Congress responded with EMTALA, which now requires emergency rooms to see all patients for any symptom from cough to headache to psychiatric distress, and of course, active labor, regardless of citizenship or ability to pay.

EMTALA became the safety net for all uninsured Americans and all illegal immigrants. The cost of unpaid services at the emergency room and, if required, hospitalization soon began driving up the price of these services.

American private insurance companies responded by raising their rates, thus putting the burden of paying for the unpaid services on American citizens who have health insurance. By providing health coverage to non-citizens, EMTALA completed the needs of uninsured immigrants and helped increase the rate of illegal border crossings to an estimated 3,500 per day.

Any solution to rising costs in health care will have to reverse the harmful effects of providing free health care in the most expensive way possible - the high tech emergency room.

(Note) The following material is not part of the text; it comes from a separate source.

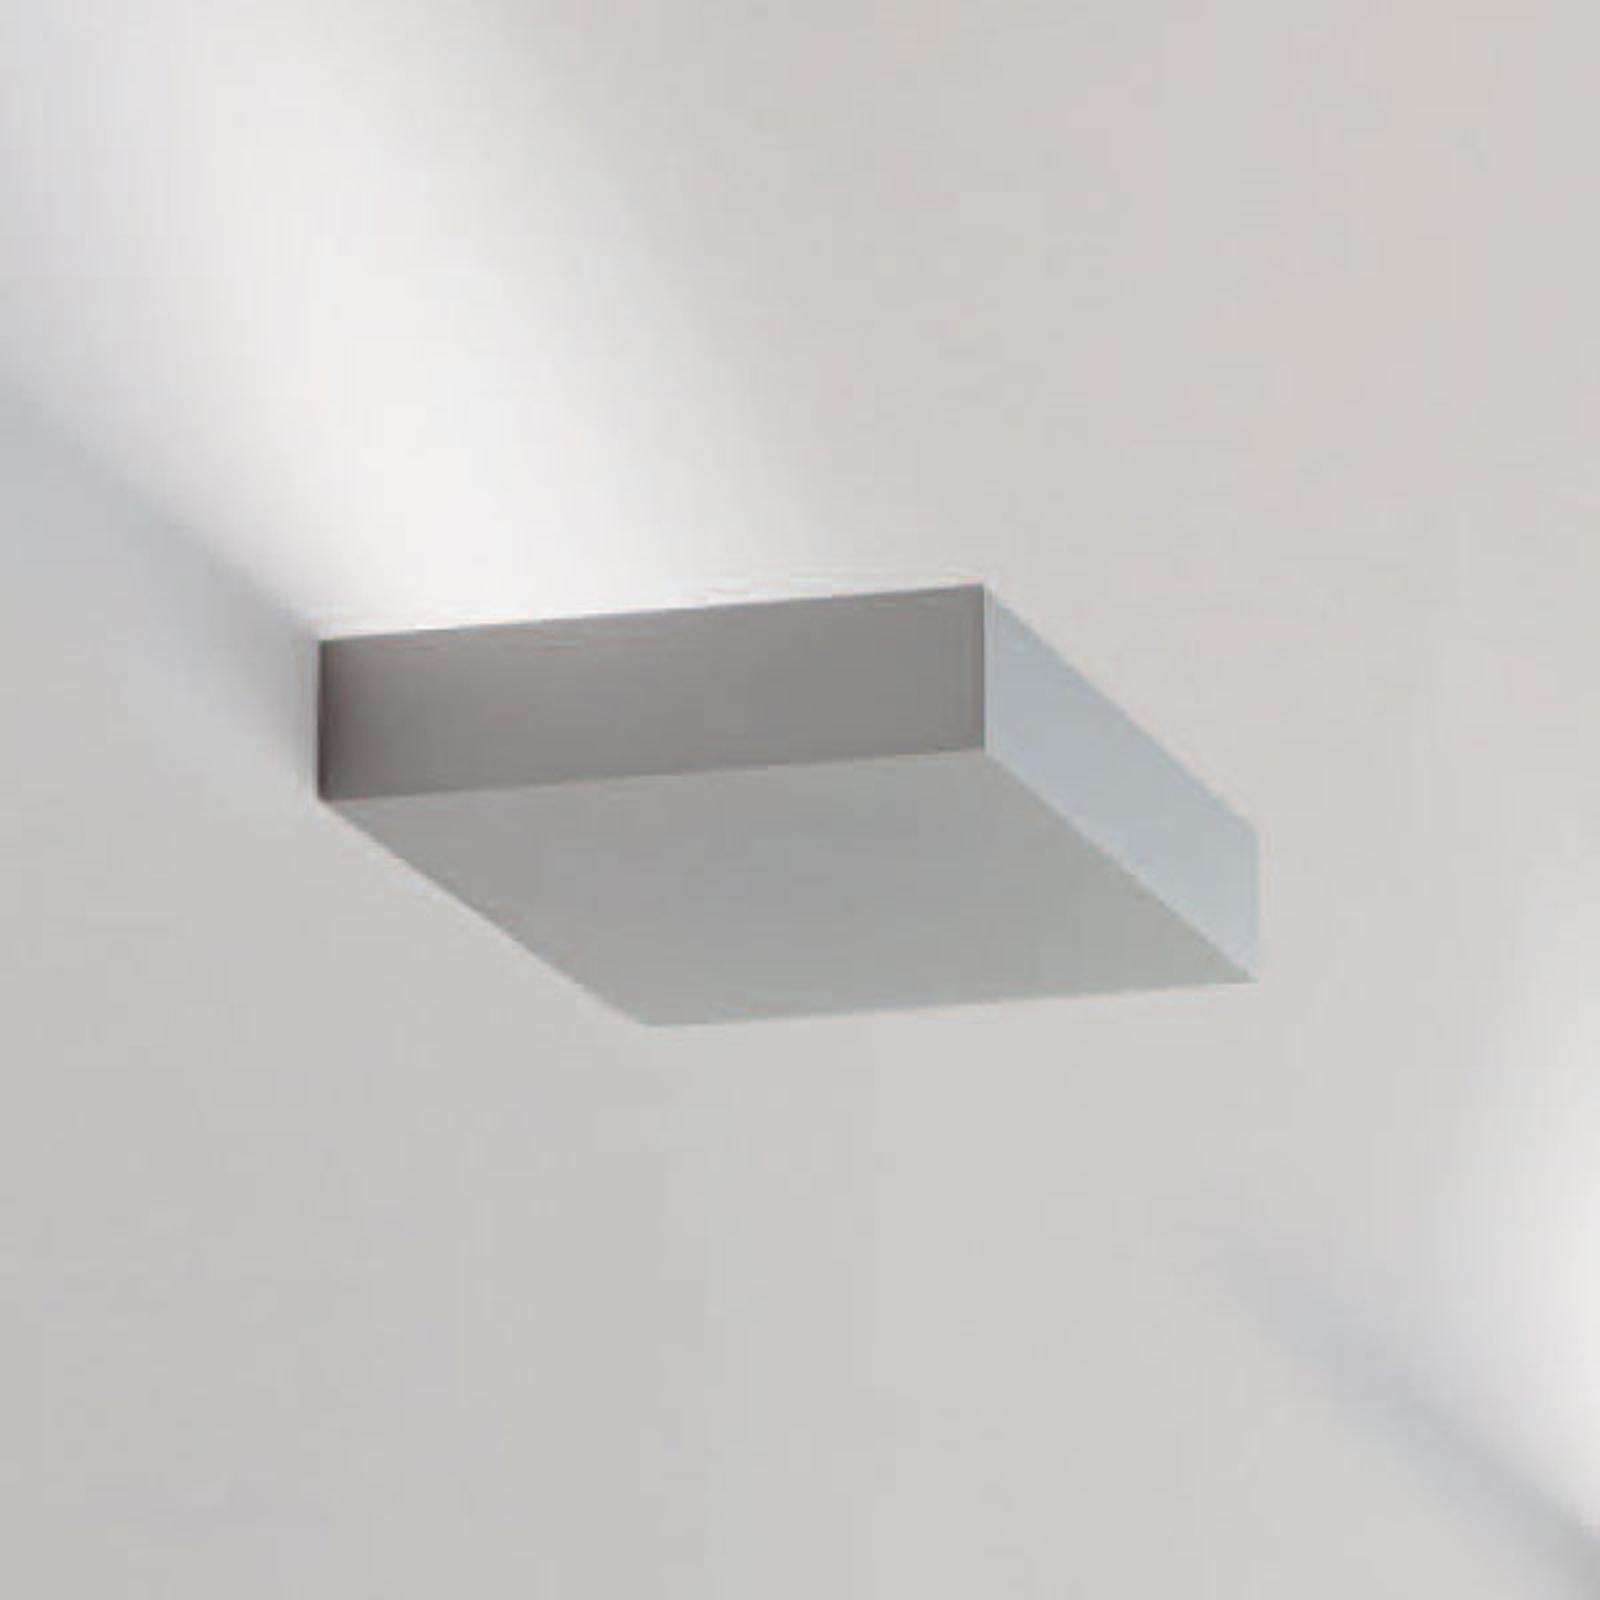 LED wandlamp Regolo, lengte 16,3 cm, aluminium

Because of EMTALA, emergency room physicians provide much of the free health care given to the uninsured in America. By 2005, 84 Southern California hospitals closed their doors when unpaid services reached more than 50 percent of the service provided. A Florida hospital recently made news when, after providing three years of free rehabilitative care to an El Salvadorian national with a traumatic head injury, the hospital paid the plane ticket to send the non-resident back to El Salvador.

Even here in Carson City there are unconfirmed reports that our local hospital's budget of $25 million to cover EMTALA free service in 2009 already was depleted by July.

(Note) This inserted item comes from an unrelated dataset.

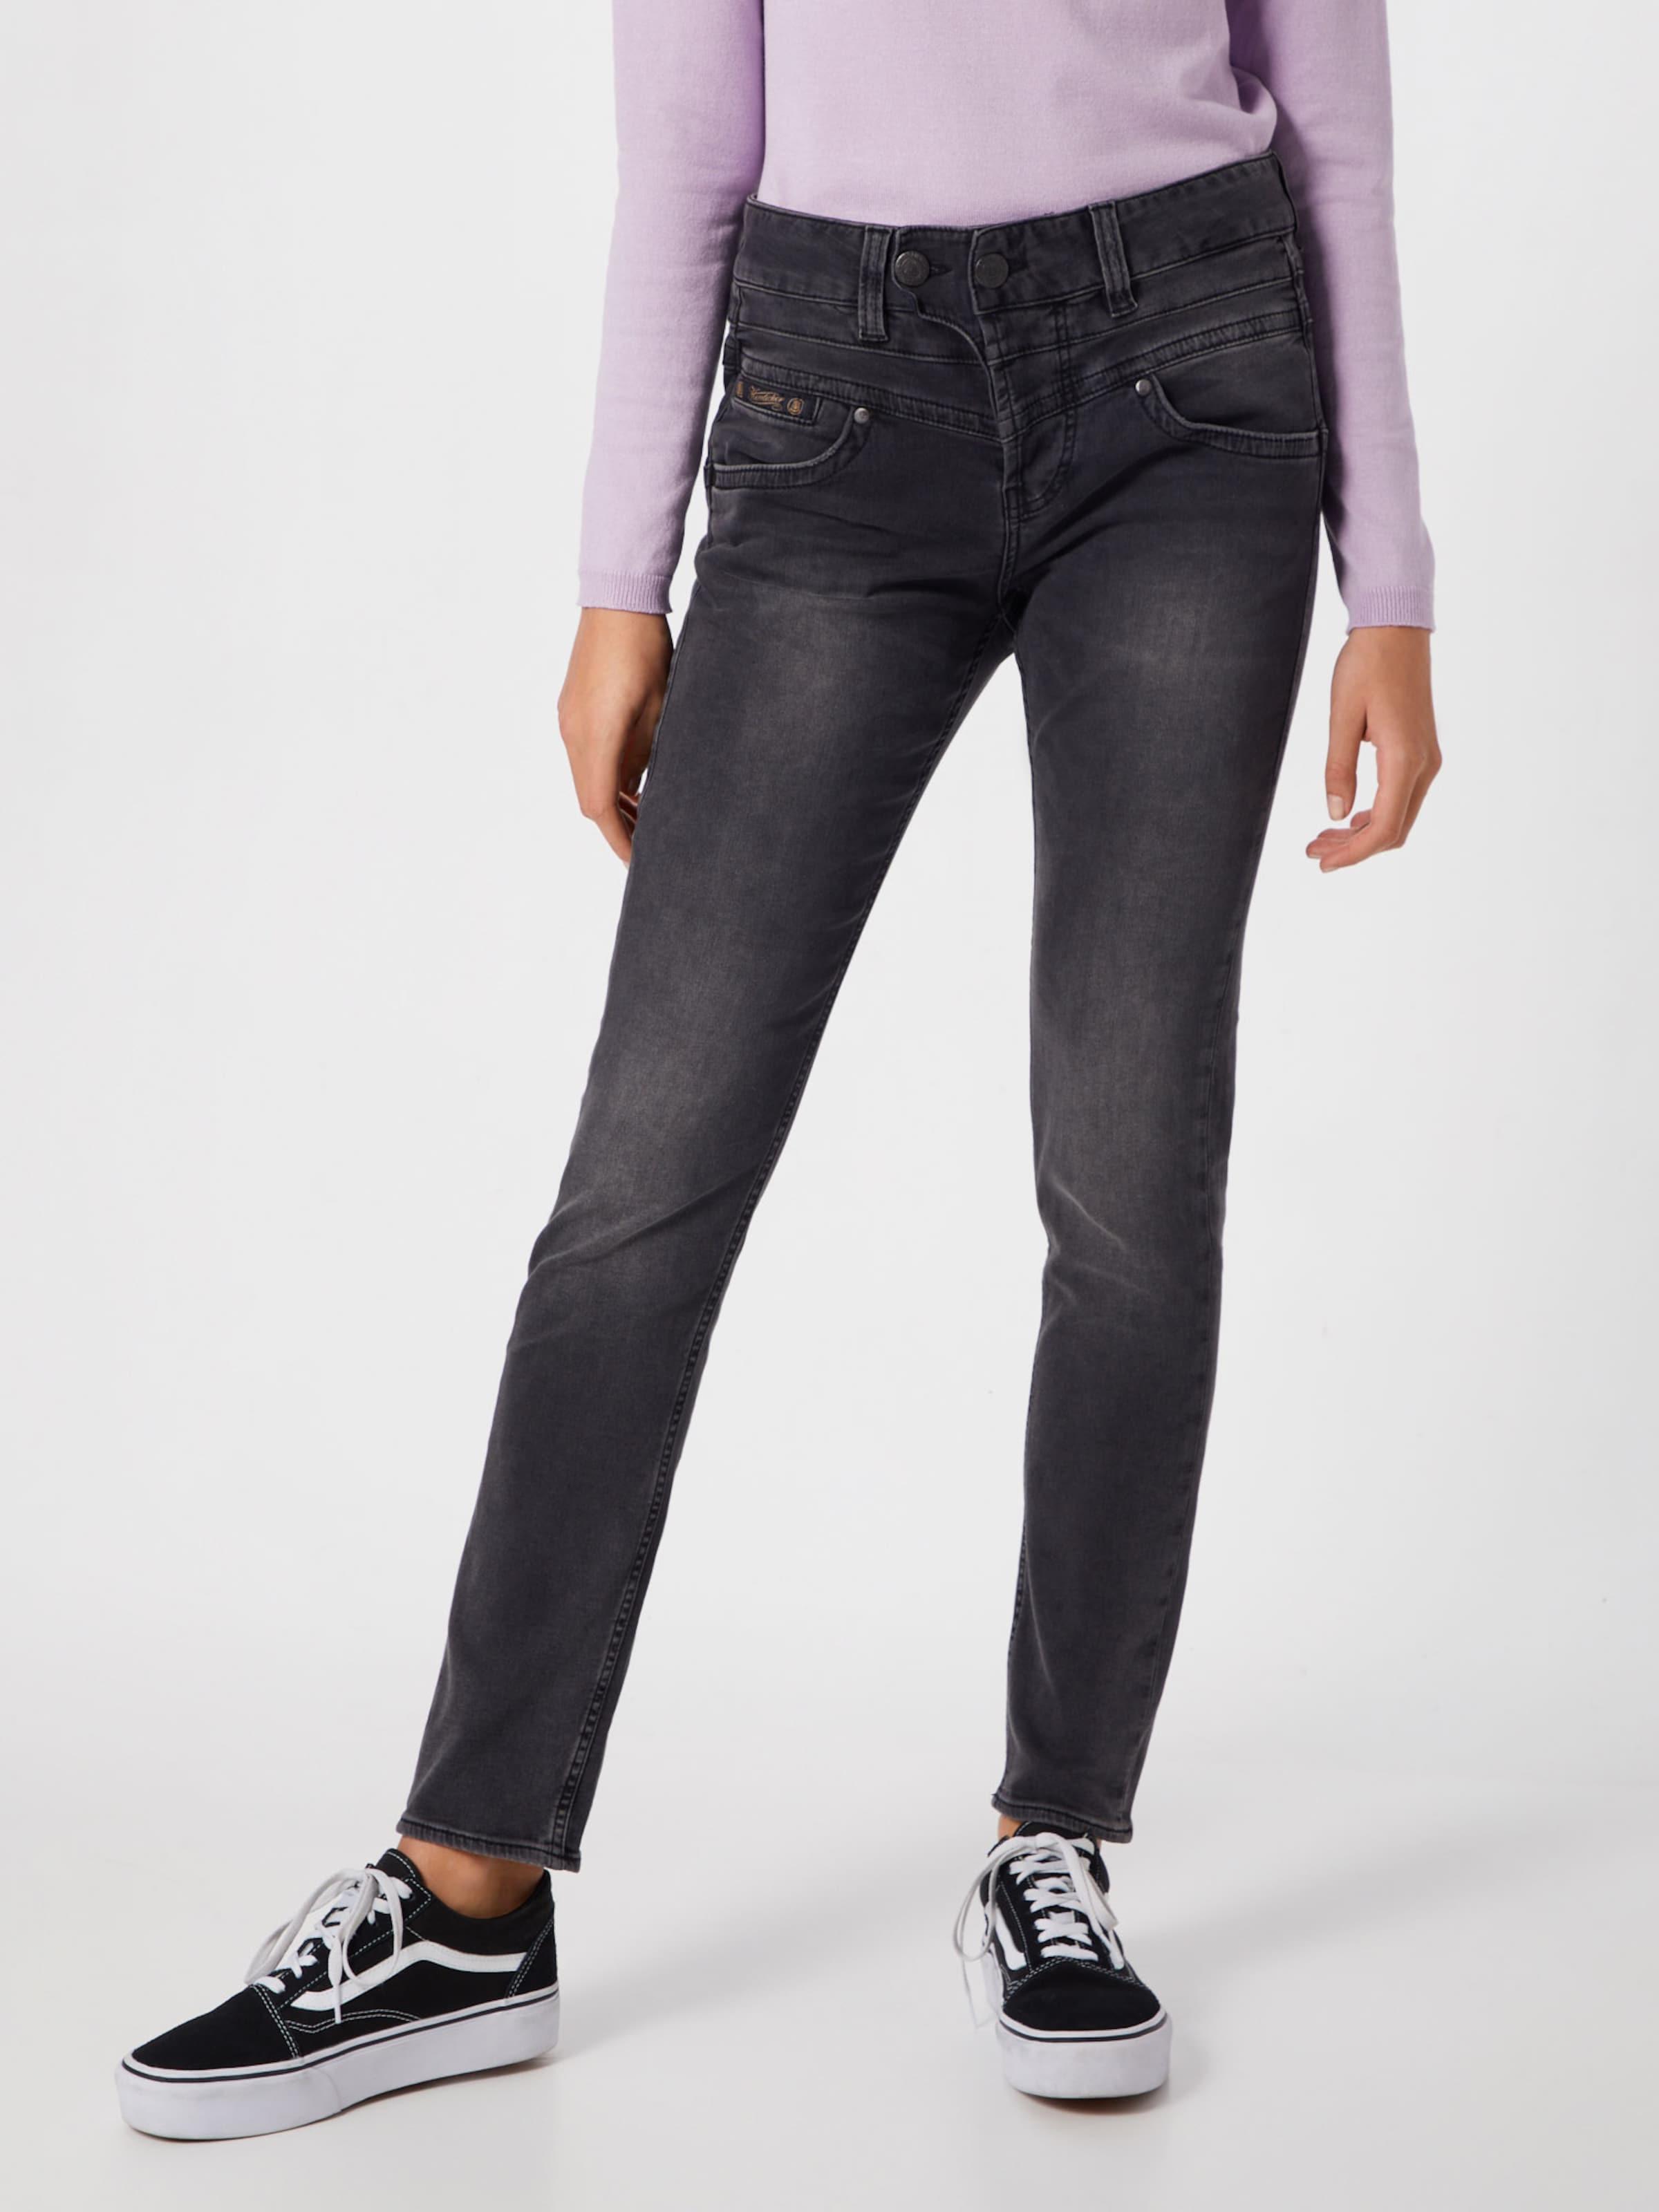 Denim Herrlicher 'bijoum' Grey Jeans In Tl13FKJc

If Congress were not in such a hurry to pass legislation, they might have taken the time to consider the long-term effects of EMTALA. Now in 2009, Congress is once again in a hurry to solve a crisis of its own making, the high cost of health care.

One of their proposals was to take over the entire industry by becoming the single insurance payer. There are many other options available to reverse the damage of EMTALA and provide a safety net to the uninsured without forcing care to our most expensive treatment center - the high tech ER.

• Dan E. Rowe, M.D., is a founding partner of Skin Cancer and Dermatology Institute, with offices in Carson City, Reno and Fallon.